Perhaps because of its prominence as the only vegetated area of the southern tip of Gibraltar, Windmill Hill attracts many species of migrating birds which may see it as a focal point on trans-Saharan journeys. It is home to Gibraltar's national bird, the Barbary partridge (Alectoris barbara), which nests in the plateau's open habitat. It is an important waypoint on the route that songbirds take in migrating between Europe and Africa, and is often their first European landfall on crossing the Strait of Gibraltar. Bats also hunt there, feeding on insects.
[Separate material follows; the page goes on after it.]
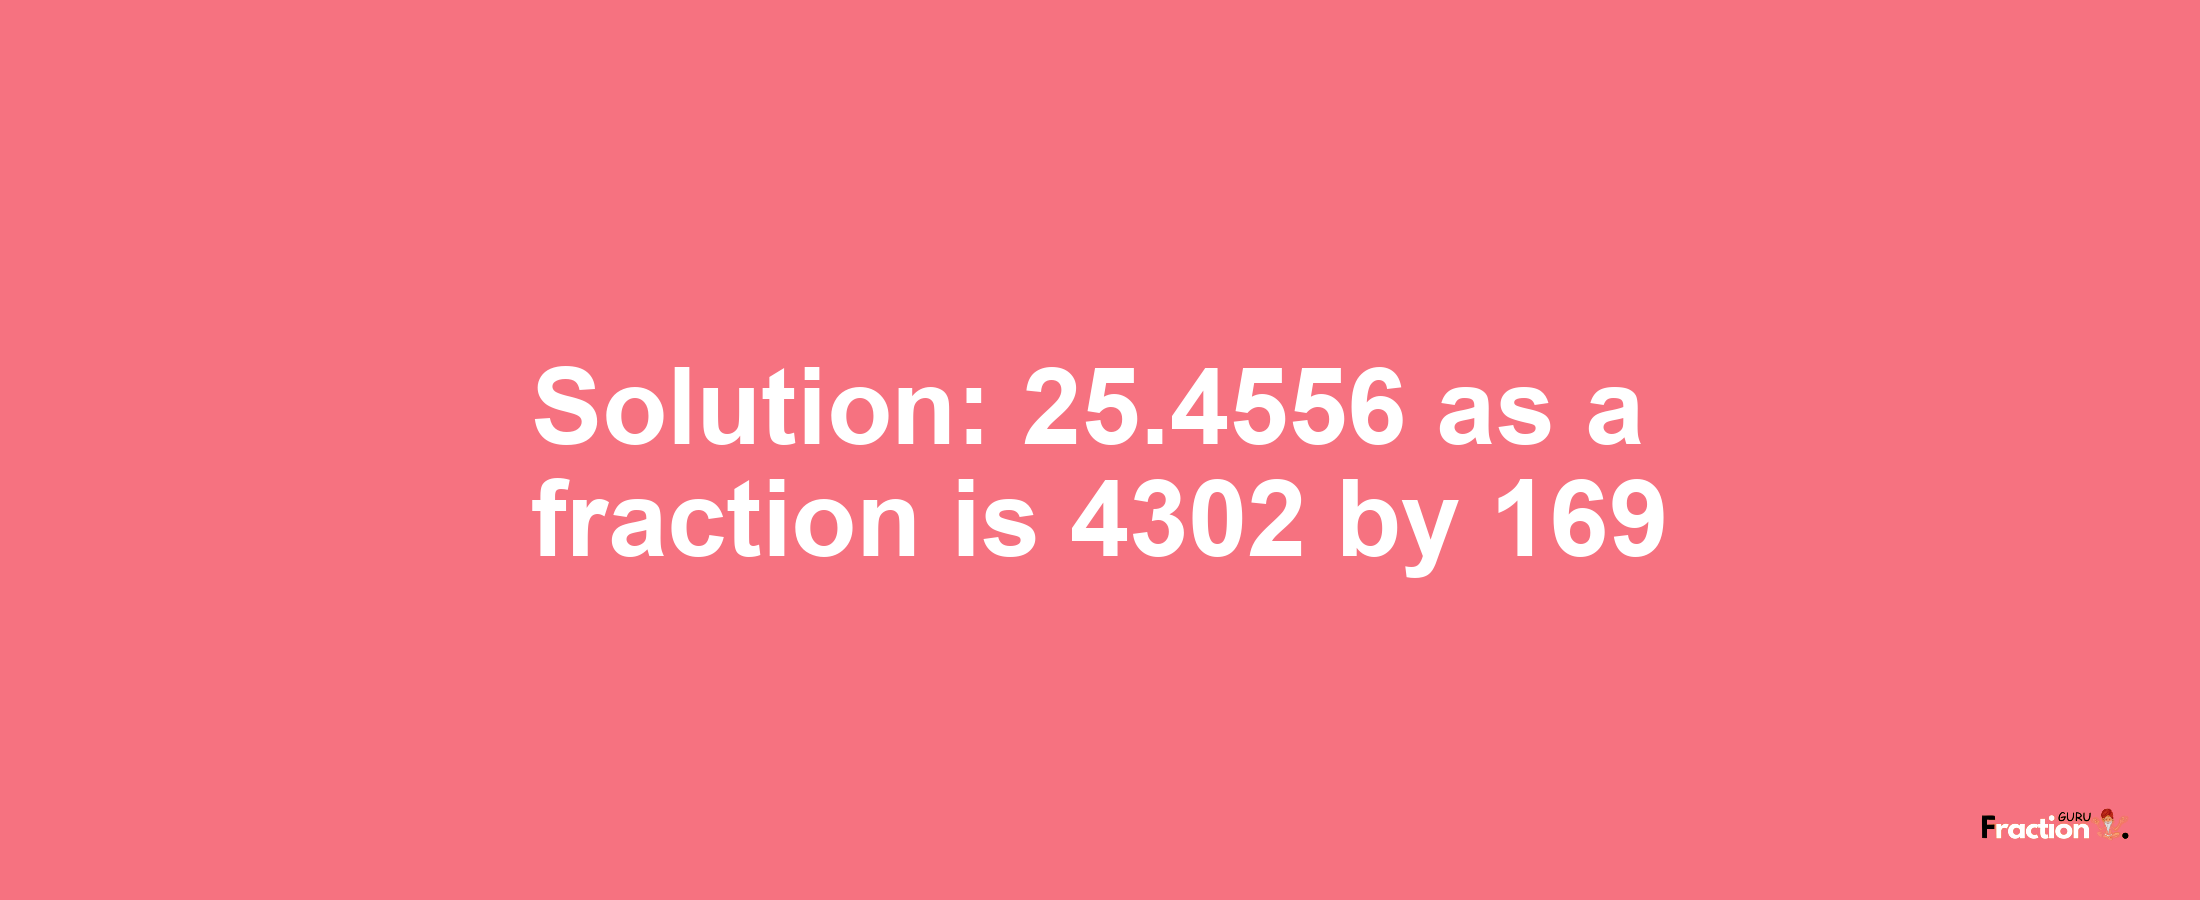 Solution:25.4556 as a fraction is 4302/169

A number of Gibraltar's caves are located under the hill. The Genista Caves came to light in the 1860s during work to enlarge the military prison, which uncovered partly blocked fissures that, when excavated, revealed the caves. They were explored by Captain Frederick Brome, using convict labour to carry out the excavations, and were named after Brome – Genista is the Latin name for the group of flowering shrubs known as broom, and the name was thus a punning homonym of Brome's own surname. The excavations revealed the bones of a large number of what are now locally extinct animals including lynx, leopard, hyena, rhinoceros and aurochs. They had evidently fallen through fissures in the surface and perished. Unfortunately the cave entrance was later lost or destroyed when a large magazine was built directly overhead at the end of the 19th century.